ThoughtSphere Builds A Data Lake For Clinical Trials

By Allison Proffitt 

August 2, 2017 | Our old ways of connecting to data are dead, Sudeep Pattnaik told me over lunch in Miami last January. We need a new way of connecting.

The key question when managing data volume, is “How do I act in a timely way?” Pattnaik explained when we met at the Summit for Clinical Ops Executives (SCOPE). It’s a universal question, but Pattnaik and another Quintiles alumnus, Pankaj Manon, wanted to create a solution specifically for clinical research.

The two co-founded ThoughtSphere. Pattnaik serves as CEO; Manon is CTO. They formally launched the company about a year ago.

At its heart, ThoughtSphere is a data lake, an architecture meant to collect vast pools of data from varied sources, and it’s licensed as software-as-a-service. It’s a data management model favored by companies like Google and Facebook. ThoughtSphere, though, is focusing on clinical research data.

Pattnaik has years of experience working with clinical data, and he saw plenty of pharmas and CROs using different vendors for different parts of the pipeline. The volume and variety of clinical study data that needs to be managed by sponsors, sites, and CRO—both structured and unstructured—makes a data lake an ideal model, Pattnaik believes.

“The biggest challenge is when you spend lots of money to keep up to date with everything that’s going on,” he said. “For example, all the data entry systems—EDC, CTMS, etc.—there are various vendors involved. The Medidatas of the world, Oracles of the world, etc. None of [their data outputs] play nice.”

ThoughtSphere supports source-system agnostic data ingest, obviating cumbersome programming for each eClinical system. Sponsors and CROs can get the benefits of accessing all clinical data regardless of its format, including CTMS, lab, imaging,           and safety data in near real-time.

ThoughtSphere doesn’t transform the data when it comes into the lake, transformation happens for specific use-cases and according to usage pattern. The ThoughtSphere deep learning engine watches how users use their data and adjusts accordingly. “We let customers define their own transformation,” Pattnaik said.

“While ingesting the data… we do not have pre-defined way to connect things,” he said. “You know the way people used to connect through data warehouses? Where you build a large, pre-defined structure then bring the data from various sources?... We do not do that in the data lake technology. We bring data as-is. We do not connect it.”

Instead, ThoughtSphere’s mapping algorithm engine runs on top of the data lake, recording how users are using the data, and then making predictions for new incoming data. Ultimately, what everyone is after is to have a standardized structure so they do not have to do study-specific analytics and visualization, Pattnaik argues. For that you need a standardized dataset.

“What our engine does is convert the data on the fly to a standardized dataset,” Pattnaik explains. “As a customer, you can define your own standard; you can convert the data into that.” It doesn’t take long for the ThoughtSphere system to start doing most of the heavy lifting for you, Pattnaik said. “The more you use the system, after the third or fourth study in the system, almost 80-90% of things come automatically mapped and standardized.”

Product Suite

Three products currently make up the ThoughtSphere suite. ClinDAP is the underlying platform. It can be independently deployed in enterprise fashion for data visualization. ClinDAP’s data visualization tools can be used by sponsors, sites, and CROs. Pulling from all of the data in the lake, ClinDAP gives sponsors insight into how their CROs are performing, and it empowers sites and CROs to track their milestones without any data aggregation steps.

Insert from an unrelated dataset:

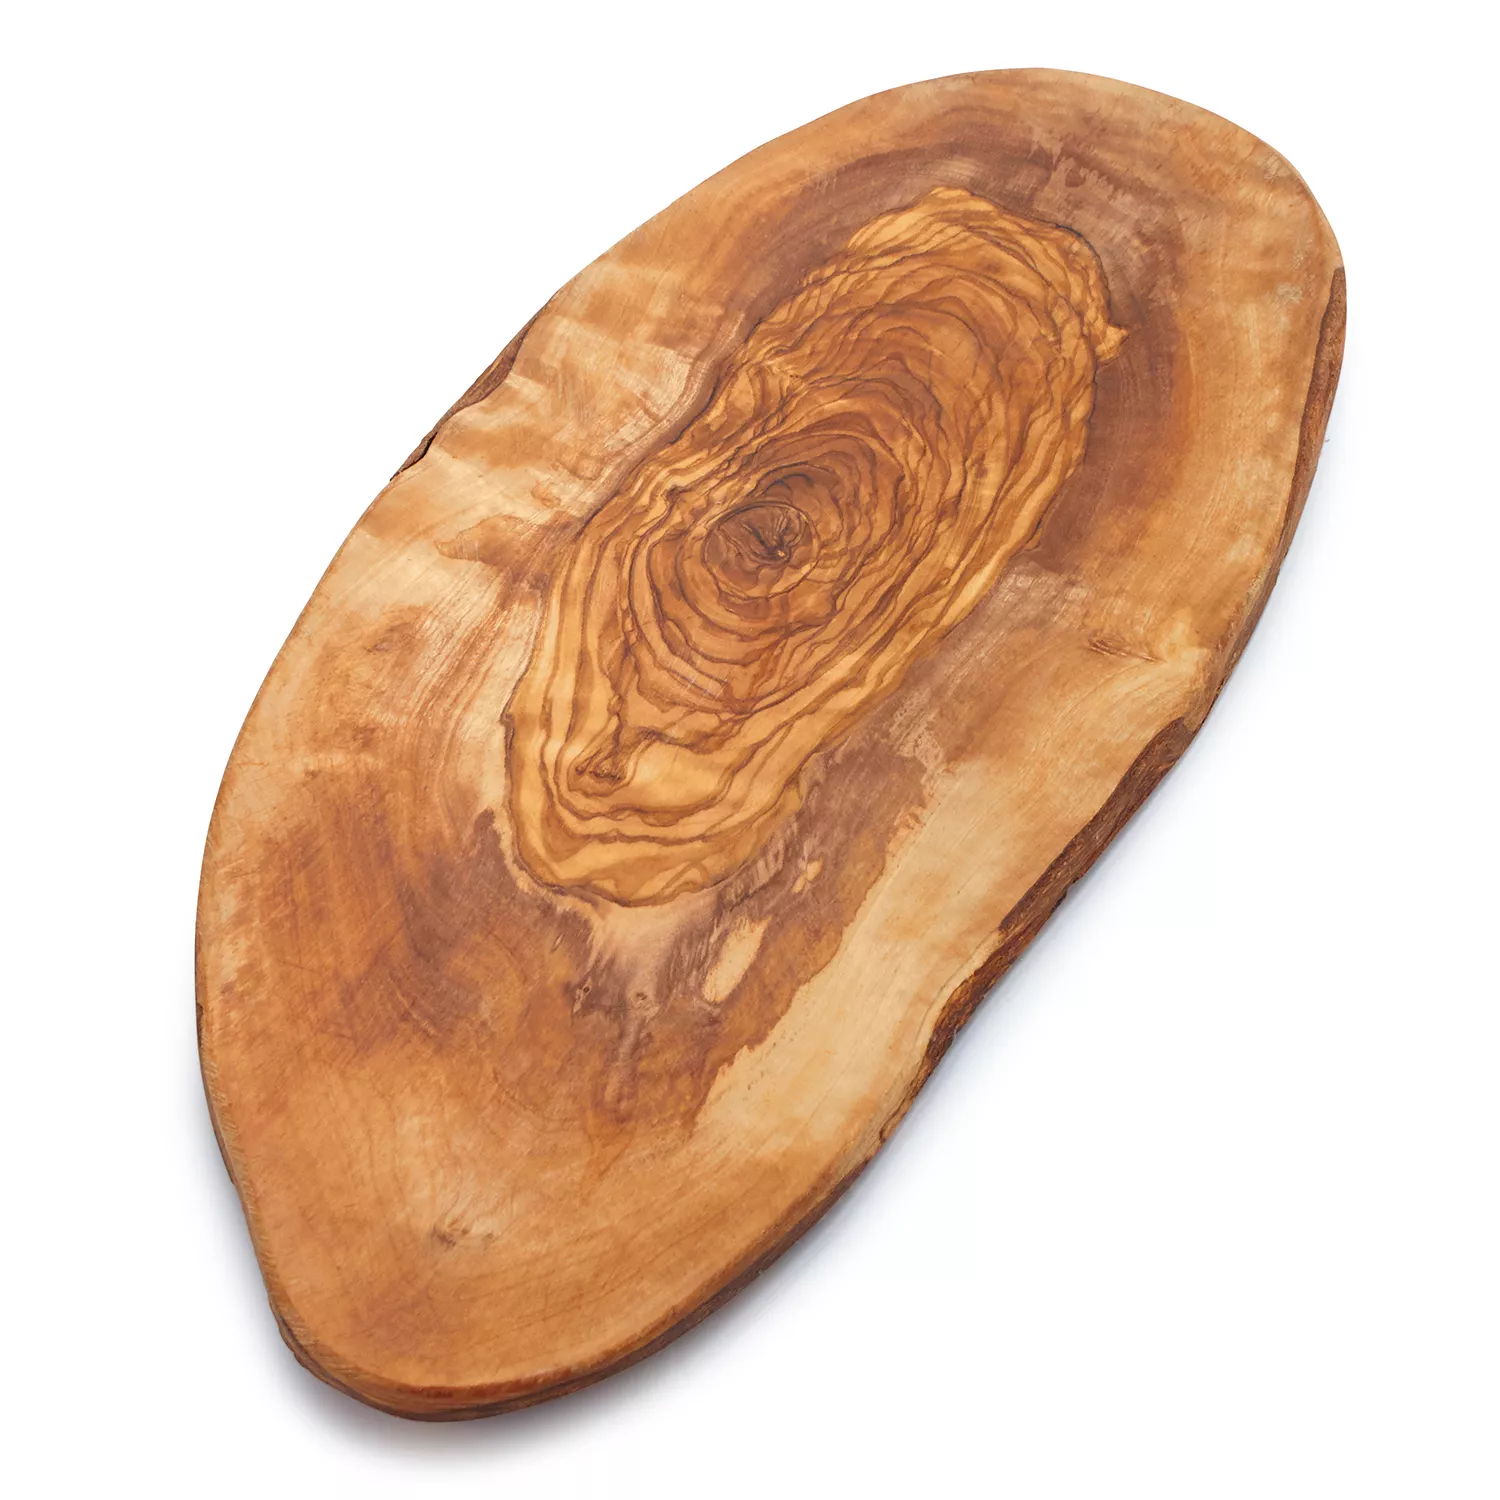 Olive Wood and Stainless Steel Desing Egg Holder

ClinACT is ThoughtSphere’s risk-based monitoring tool that supports RBM analytics and

visualizations. The tool has two modules: Analytics only or the full-function Risk module. The full tool helps with planning, monitoring strategy, source data verification and review, assignment of clinical activities, adjust key risk indicators during a study, set threshold-based alerts based on those risk indicators, and integrate subject data cleanliness indicators and holistic subject review.

ThoughtSphere has recently added trigger functionality to both ClinDAP and ClinACT alerting users to medical issues in lab data or study-specific risk triggers users can set, as well as notification enhancements for central monitoring to speed communication, query resolution, and issue management between CRA and site.

SPACE is the company’s Site Payment And Contracting Environment, its financial and trial life cycle management tool. SPACE handles site payment, contracting, and budgets. For payments, data originates with the sites and flows into ClinACT. Sponsors define payment milestones, and—for sites that are submitting data of the highest quality—they’ll get near real-time payment, Pattnaik said.

Sponsors can launch a ThoughtSphere product by study or across the organization’s portfolio. An advanced visualization tool is in the works; Pattnaik says a platform-agnostic visualization and analytics tool should be available in the fall.

ThoughtSphere has announced a few customers publicly and is working with several others, Pattnaik said. “Customers are seeing the benefits!”